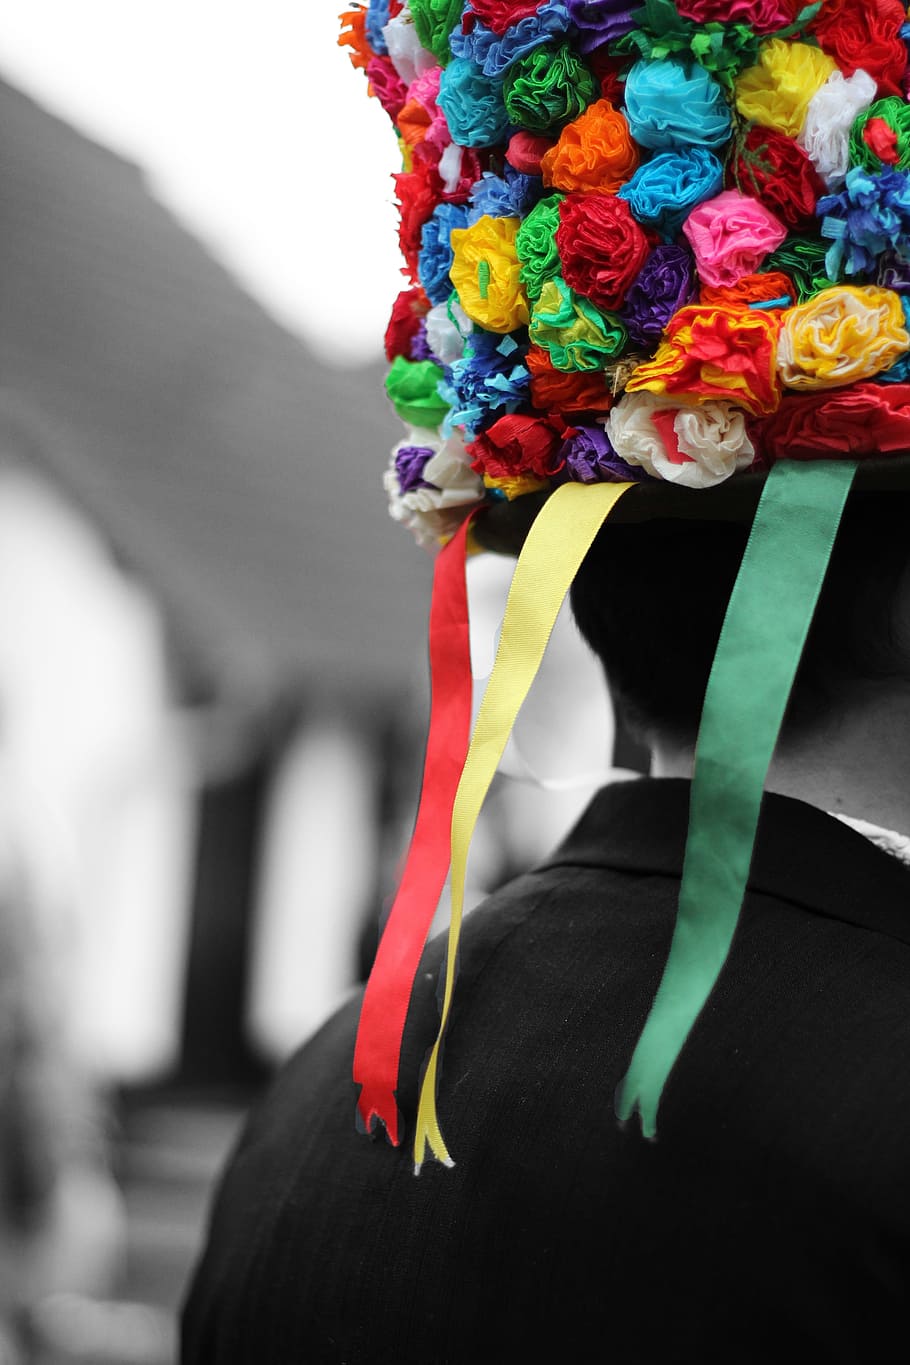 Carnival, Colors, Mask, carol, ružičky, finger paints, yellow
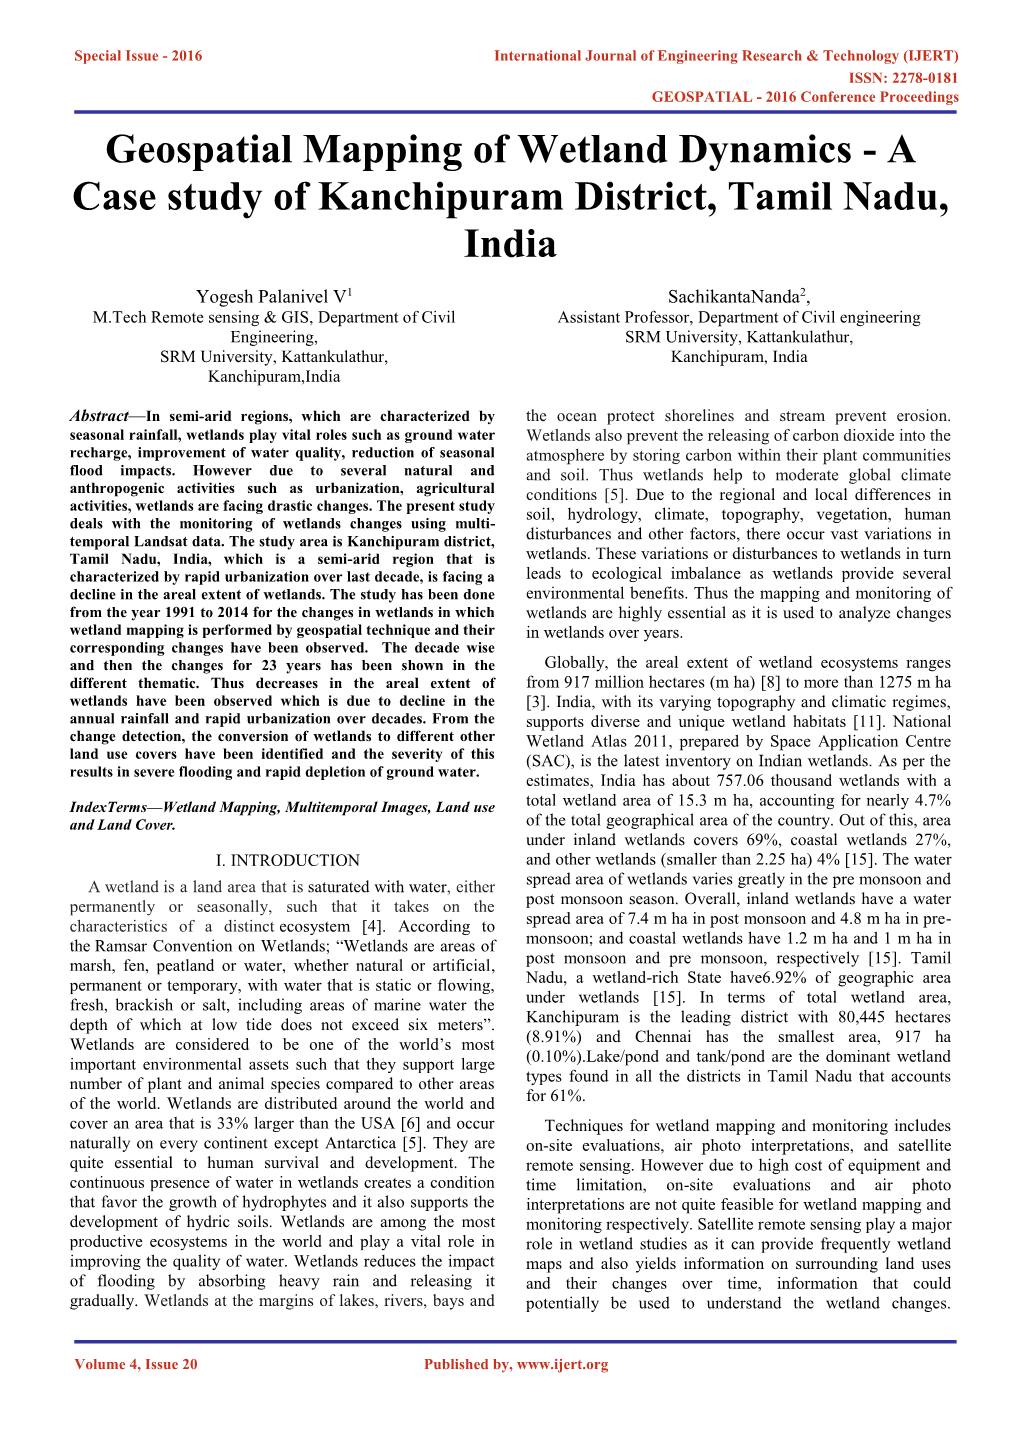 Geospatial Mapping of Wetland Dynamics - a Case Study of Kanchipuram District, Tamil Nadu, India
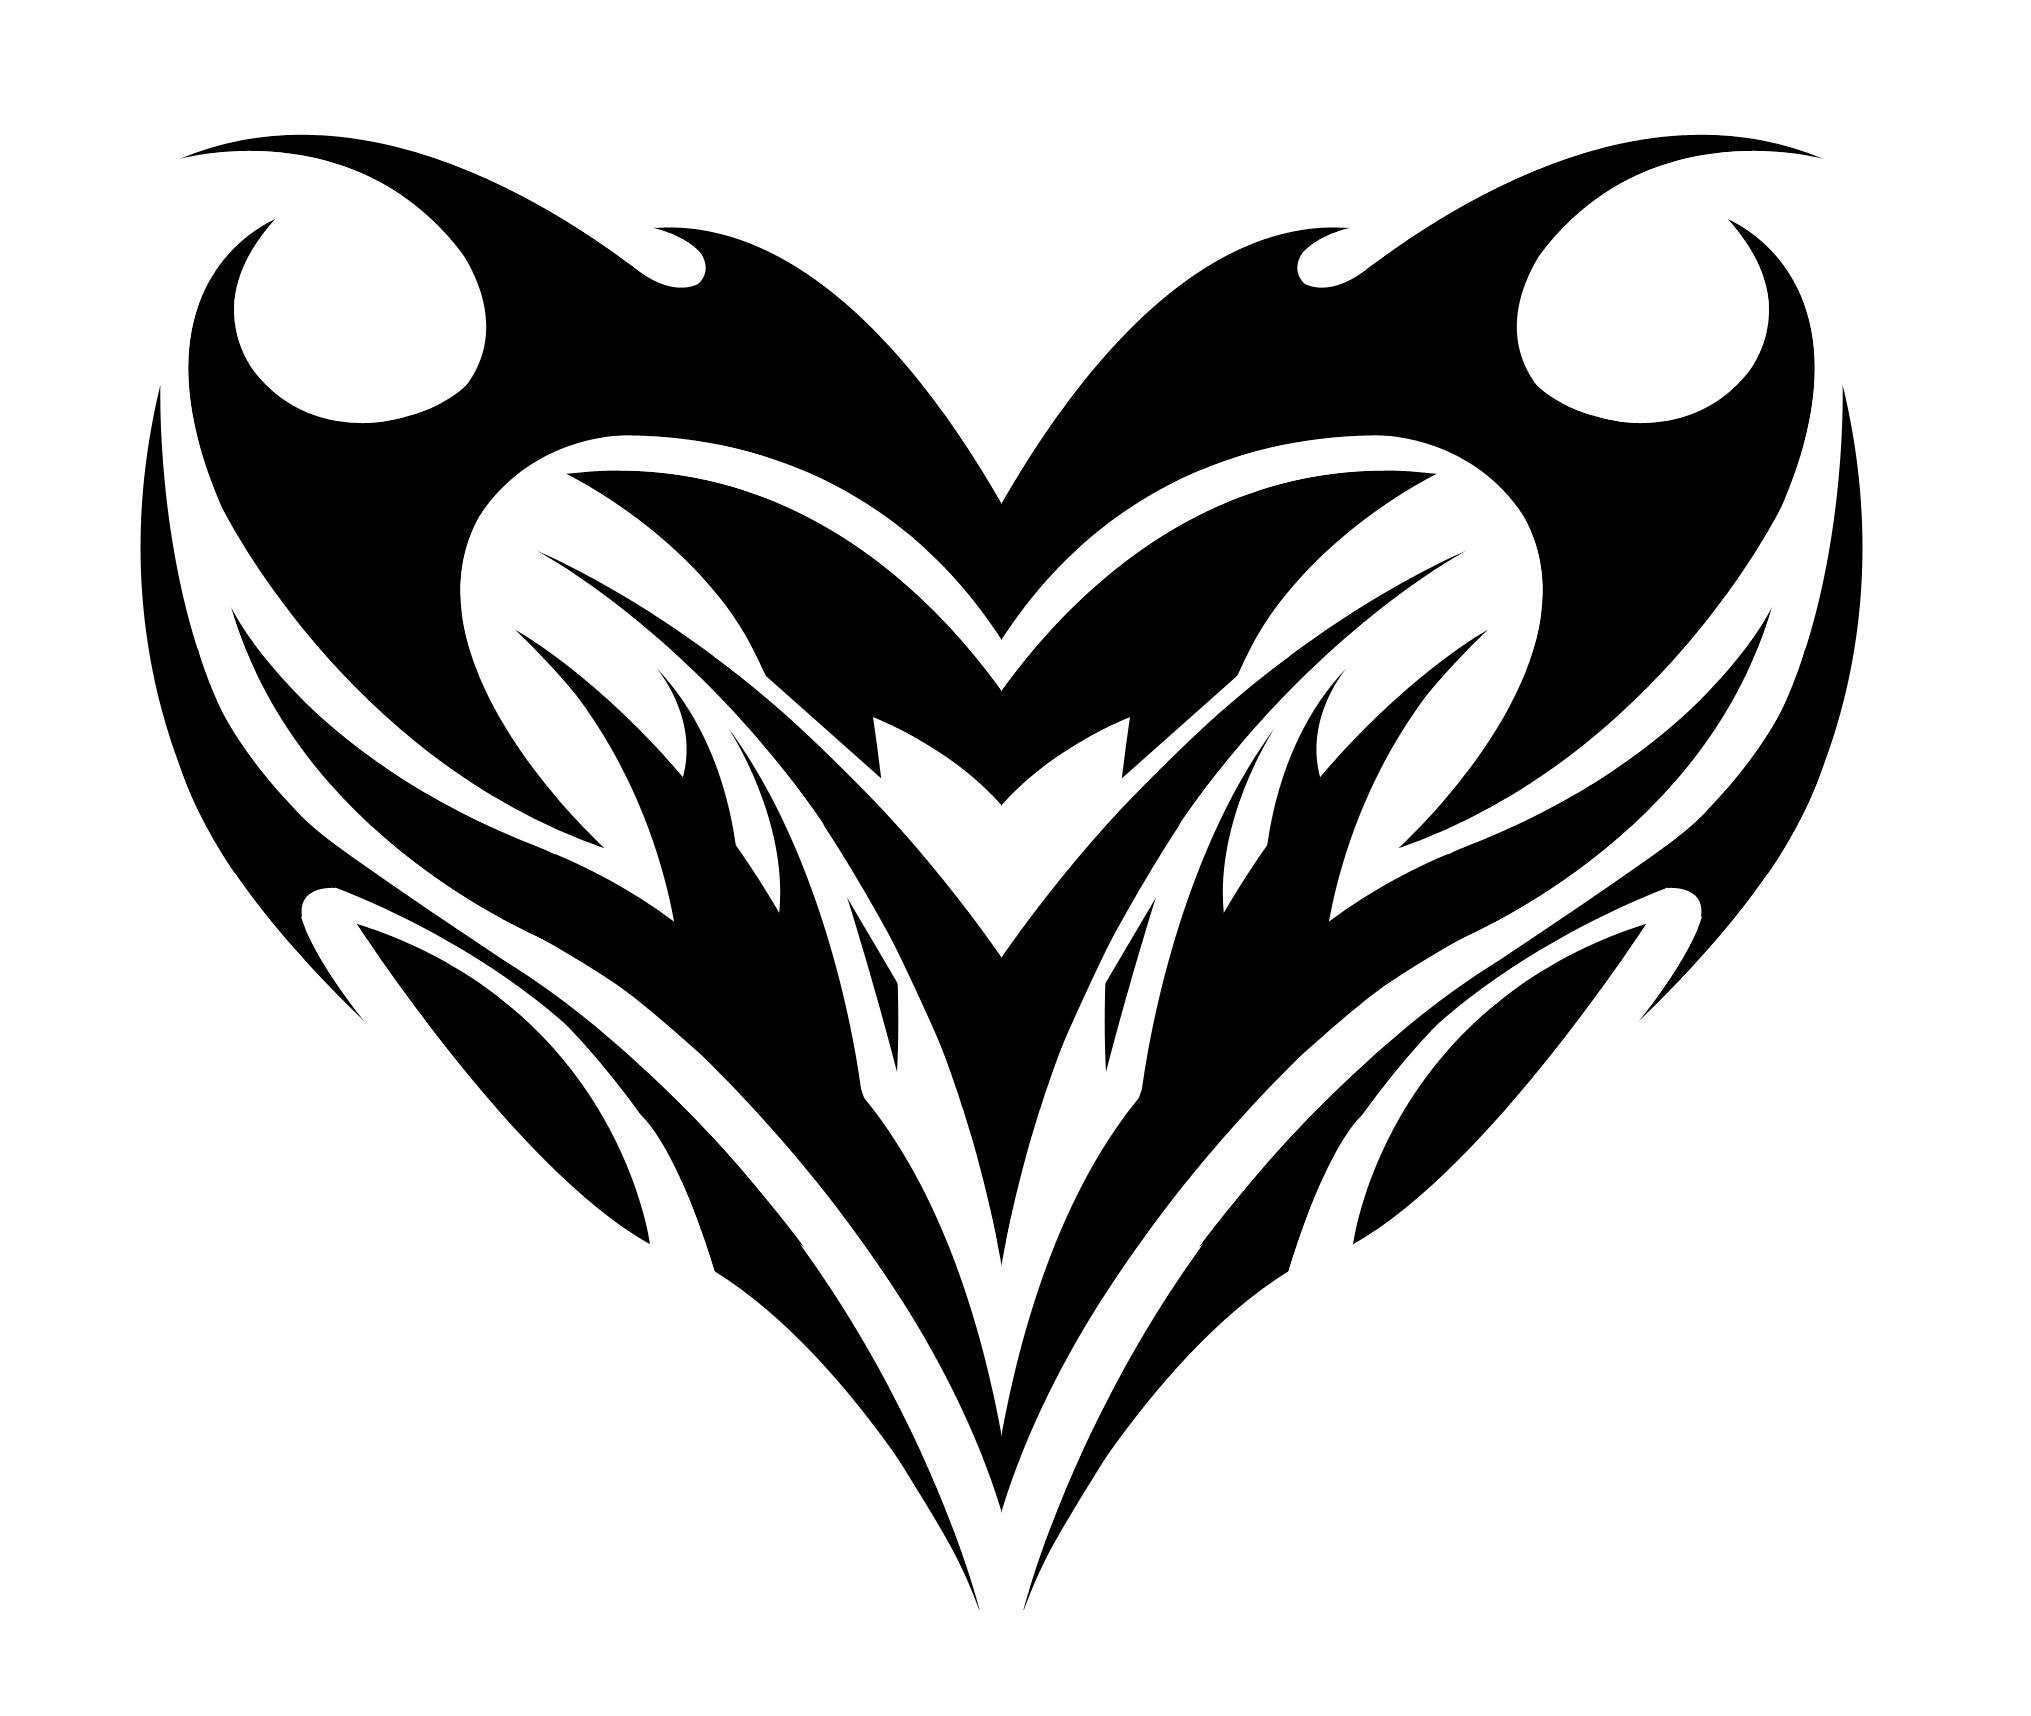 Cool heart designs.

### What this task involves
Please repeat the data verbatim and leave the pictures out of your copy.

### Task result
 Carnival, Colors, Mask, carol, ružičky, finger paints, yellow
 Geospatial Mapping of Wetland Dynamics - a Case Study of Kanchipuram District, Tamil Nadu, India
 Cool heart designs.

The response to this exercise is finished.